NAVCA has published the findings of the Health and Care Voluntary Sector Survey, the largest charity survey of 2014. The findings show that local health bodies need to do more to engage with charities.
The survey was conducted by NAVCA and the Health and Care Voluntary Sector Strategic Partnership, involving more than 50 charities spanning the breadth and depth of the voluntary sector.
The 720 charities that took part in the survey collectively work with over 11 million people. They ranged from very small to large – 20% had incomes less than £10k and nearly 4% said they had an income over £10 million. Overall, a third of respondents were from charities with an income of less than £50k.
You can download the report here or click ‘READ MORE’ below to see the key findings.
Joint Strategic Needs Assessments
Many respondents answered ‘don’t know/not applicable’ to questions about JSNA’s. Of those expressing an opinion, the majority (57%) agree that JSNAs decide local priorities but only 35% said they had been involved whilst 54% had not. A relatively high number of all respondents (18 per cent) strongly disagreed that they has been involved in the process to agree the JSNA(s).
Health & Wellbeing Boards
There were similar findings for health and wellbeing boards. Excluding ‘don’t know/not applicable’, 32% said they were able to influence their health and wellbeing board(s) and 53% had not been able to.
Clinical Commissioning Groups
The survey found that CCGs are more likely to engage with charities. Again not including ‘don’t know/not applicable’, 51% agreed that the CCG had engaged with their organisation whilst 40% disagreed.
The survey asked whether national initiatives had a positive effect. Change for Life received the best rating for making a positive difference, followed by personal budgets and the Prime Minister’s Dementia Challenge. Seen to have made the least positive difference were the Prime Ministers Challenge Fund, NHS Change Day and Care.Data.

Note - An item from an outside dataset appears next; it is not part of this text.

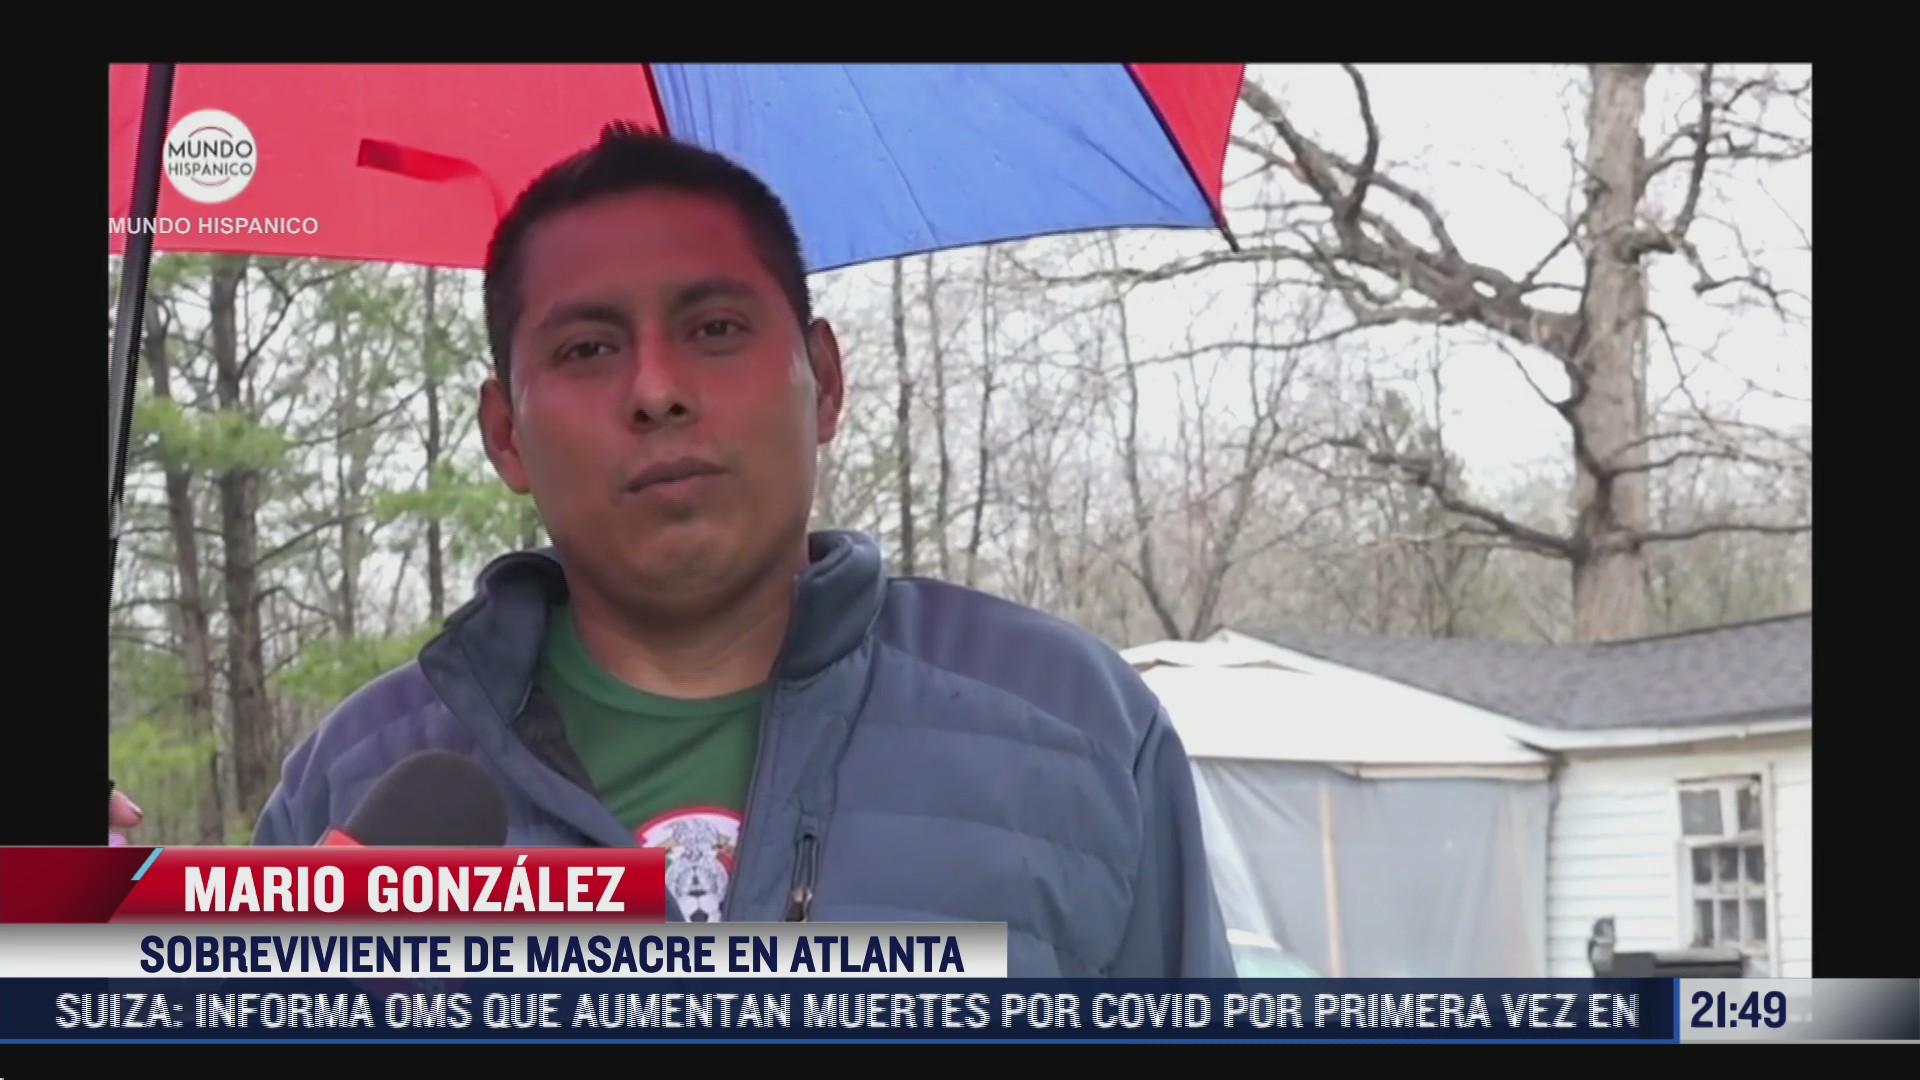 mexicano sobreviviente de tiroteo en atlanta recibio malos tratos de policias
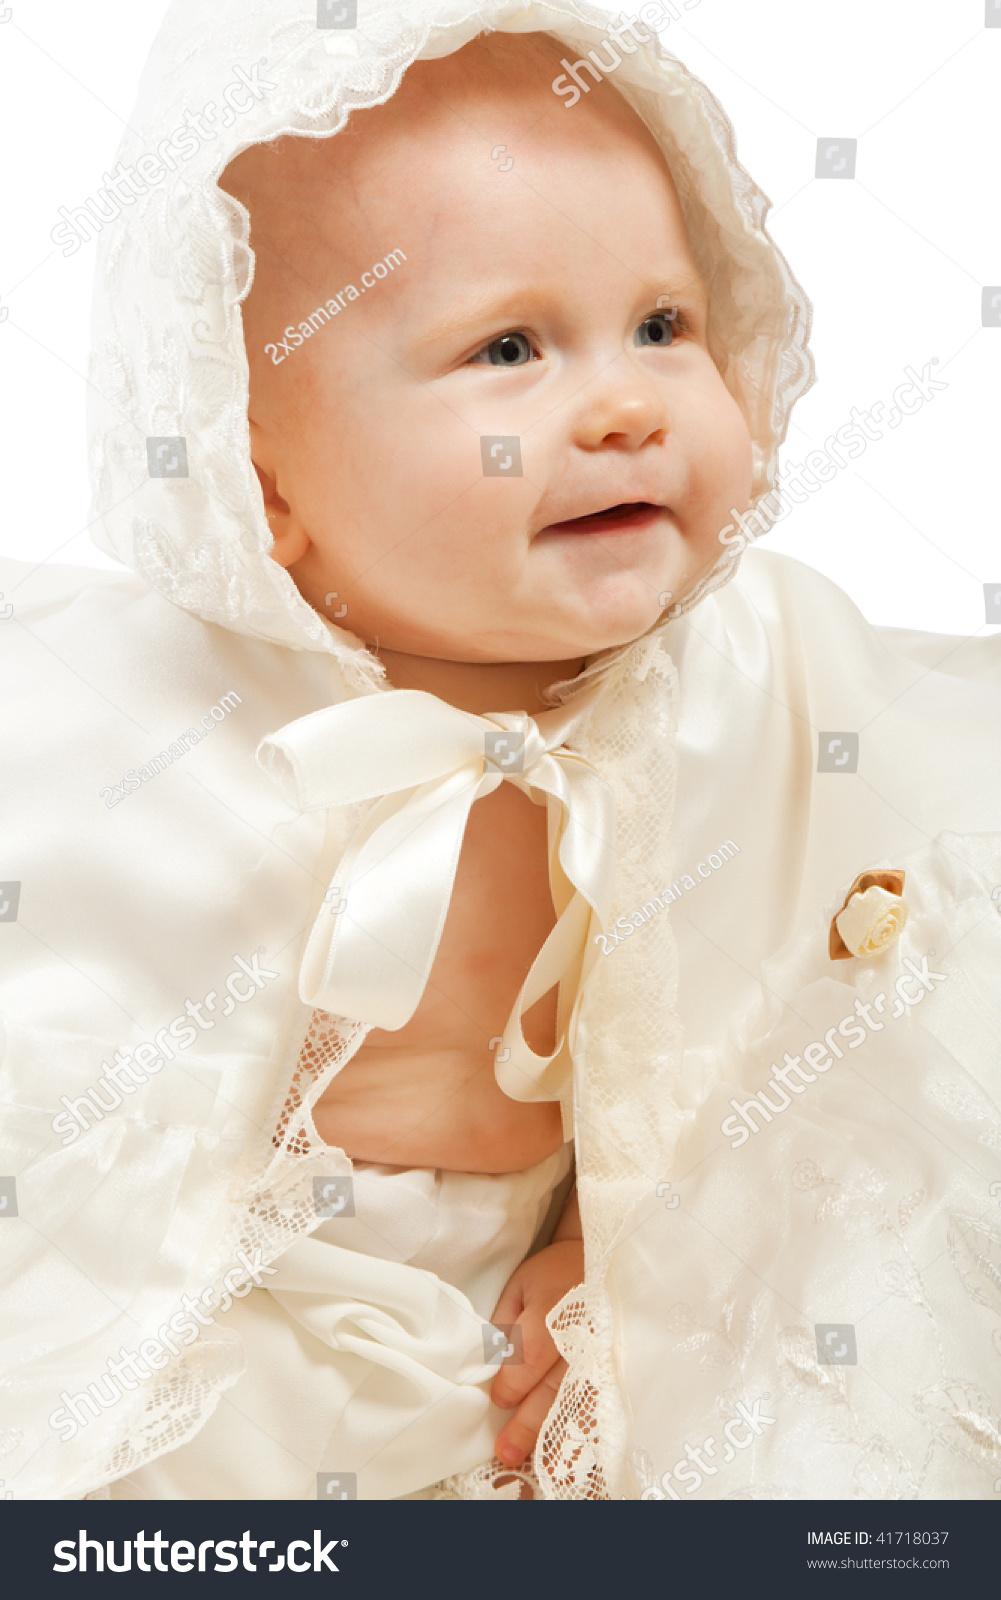 微笑的婴儿洗礼仪式礼服-人物,宗教-海洛创意(hellorf

Neil Cleeveley, Chief Executive of NAVCA, said;
“The number and range of charities taking part in this survey means its findings must be taken seriously. It seems that despite some really good examples of local health bodies engaging charities it isn’t happening consistently across the country. Too many areas are missing out on the benefits of working with charities. That means missed opportunities to improve people’s wellbeing and reduce the demand on expensive acute services.”
“The NHS Five Year Plan recognised charities play an important role in improving people’s health and providing better local services. They also give communities and patients a voice in shaping services.”
“The Health and Care Strategic Partnership is an excellent place for health bodies to find out how they can talk to charities. With such a range of partners we can make sure that health bodies connect with charities and community groups in their area covering all services and supporting all communities.”